- Researchers from the University of Pittsburgh and Harvard Medical School found Maryland's global budget program did not reduce hospital use or spending among rural acute hospitals between 2010 and 2013.
- The study, published in Health Affairs, compared changes in acute hospital use among Medicare beneficiaries served by rural hospitals and an in-state control population.
- The findings run contrary to a CMS evaluation, which included suburban and urban hospitals and did find spending cuts, including on outpatient services.

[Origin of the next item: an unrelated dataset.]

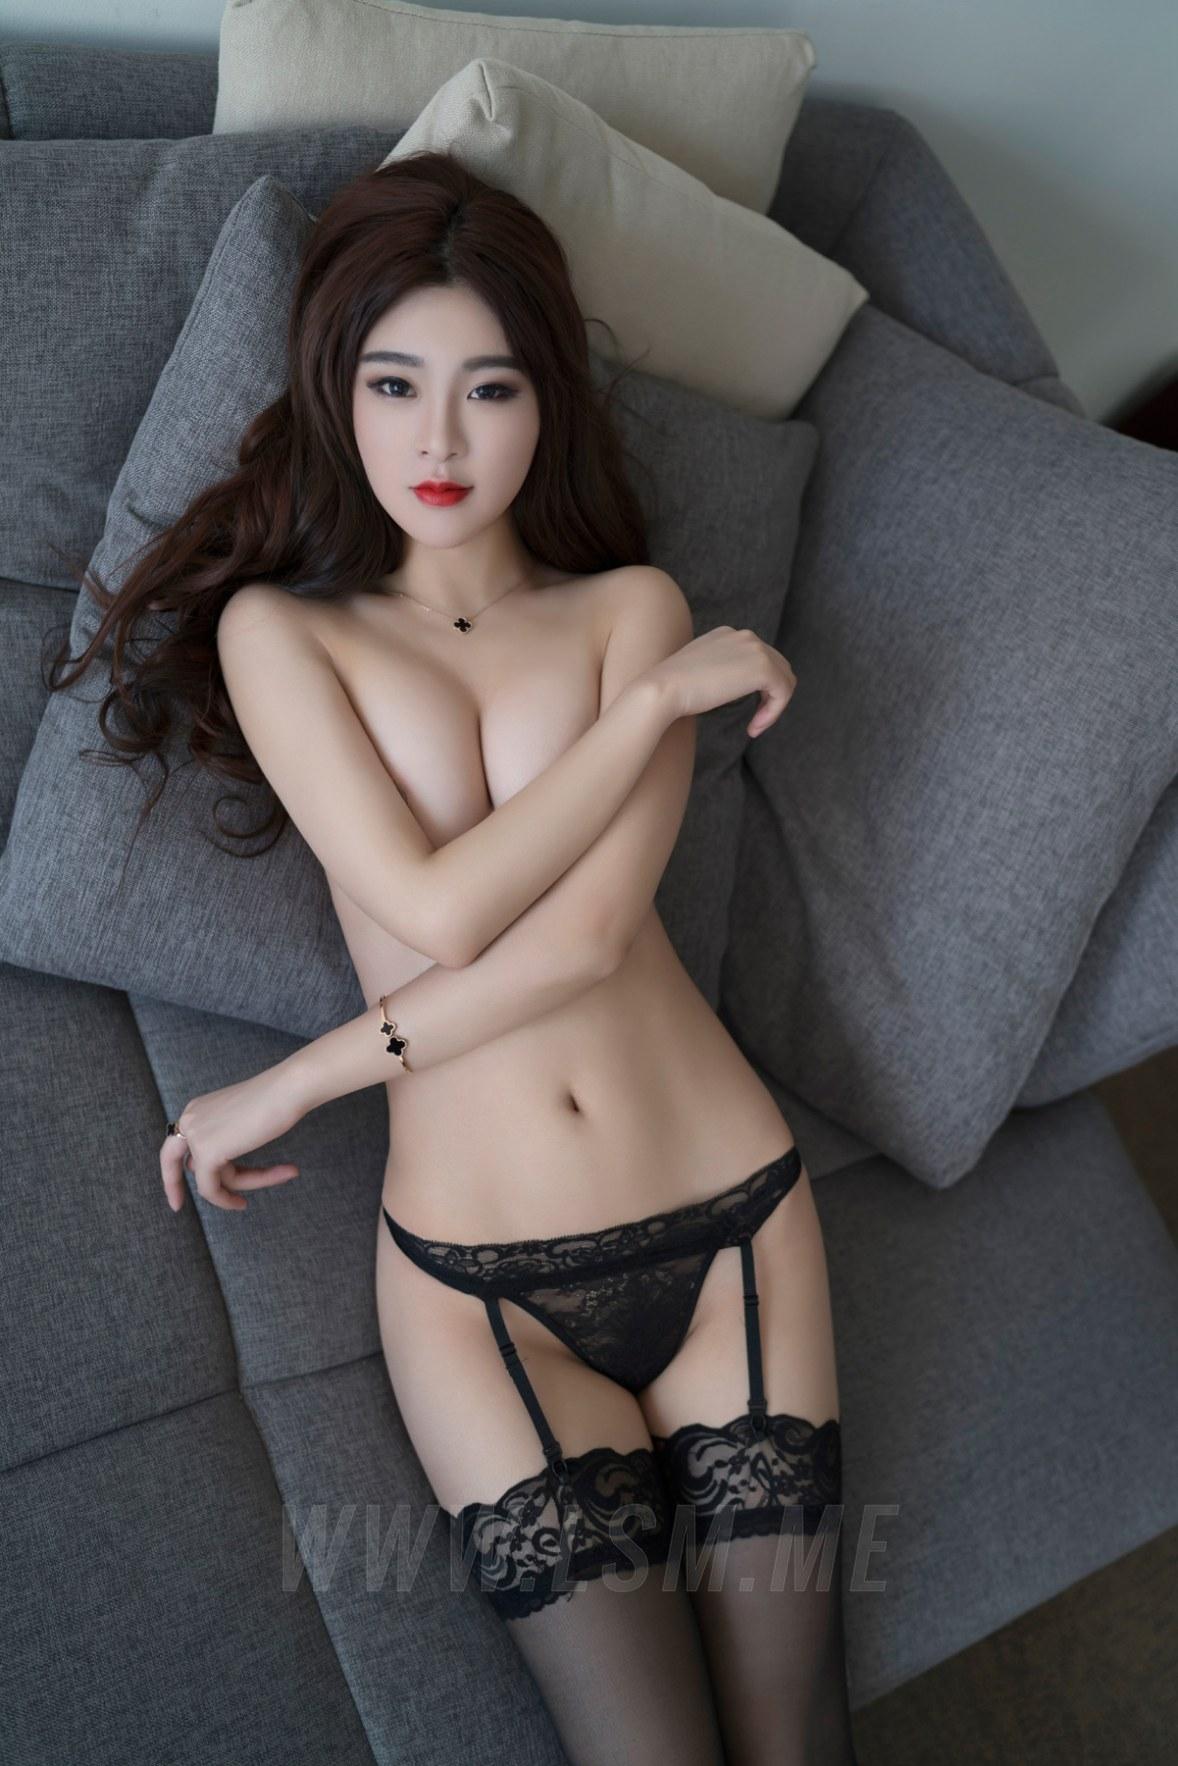 TuiGirl 推女郎 No.071 小九九【包内完整】 - 4
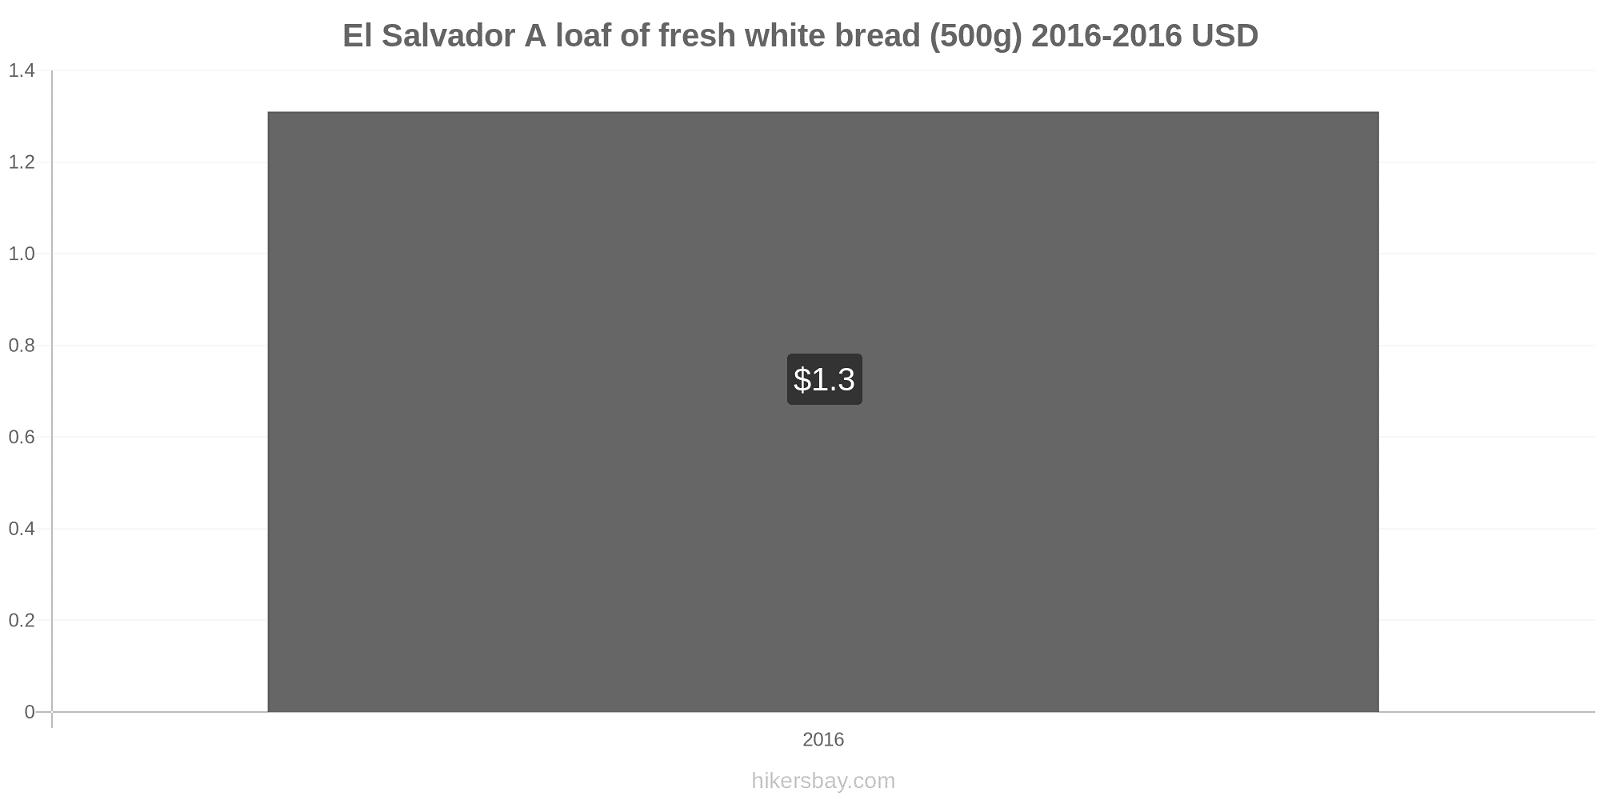 El Salvador price changes A loaf of fresh white bread (500g) hikersbay.com

The state of Maryland introduced global budgets for eight rural, acute care hospitals in 2010 before expanding the program statewide in 2014. Policymakers and payers hoped that setting a fixed annual budget for hospitals rather than paying them on a fee-for-service basis would create more flexibility and encourage value-based care while controlling spending.
Past studies on Maryland's global budgets program, also called all-payer, analyzed the model's impact on hospitals after statewide implementation in 2014. This study, however, offers a hyper-focused analysis on the impact global budgets had on rural acute hospitals before and after implementation: Researchers analyzed enrollment and claims data for 100% of Maryland's fee-for-service Medicare beneficiaries from 2007 to 2013, comparing changes in hospital use among those beneficiaries before after the introduction of global budgets.
"Despite theoretical reasons why rural hospitals may be well-positioned to respond to global budget incentives, we saw no evidence that Maryland’s rural hospitals were successful in reducing hospital-based utilization beyond changes that would have been expected in the absence of global budgets," the authors of the study said.
The findings from this study compliment results from a similar report on the first two years of statewide global budgets in Maryland, published by JAMA Internal Medicine in February.
Both the JAMA Internal Medicine and Pitt/Harvard findings, however, diverge from CMS' evaluation of Maryland's global budgets model, published last week. That evaluation found that Maryland's program reduced "both total expenditures and total hospital expenditures for Medicare beneficiaries without shifting costs to other parts of the healthcare system."
While the authors of the Pitt/Harvard study conclude that their results "underscore the need for policymakers to consider incentives for behavior change among hospitals and physicians," they add that Maryland has already begun to address the limitations of its global budgets model. The state is working with hospitals to improve care coordination and management of patients with chronic conditions.
Many states are taking more control of their healthcare systems under the Trump administration, which backs conservative policies like Medicaid work requirements and mandatory premiums. But bluer states like Maryland are also looking for ways to save money without sacrificing care quality. Maryland's all-payer program is one states looked to copy, but with more research the results become more mixed. That's in line with other payment reform models that have not yet been proven effective, suggesting a large learning curve as the value movement proceeds.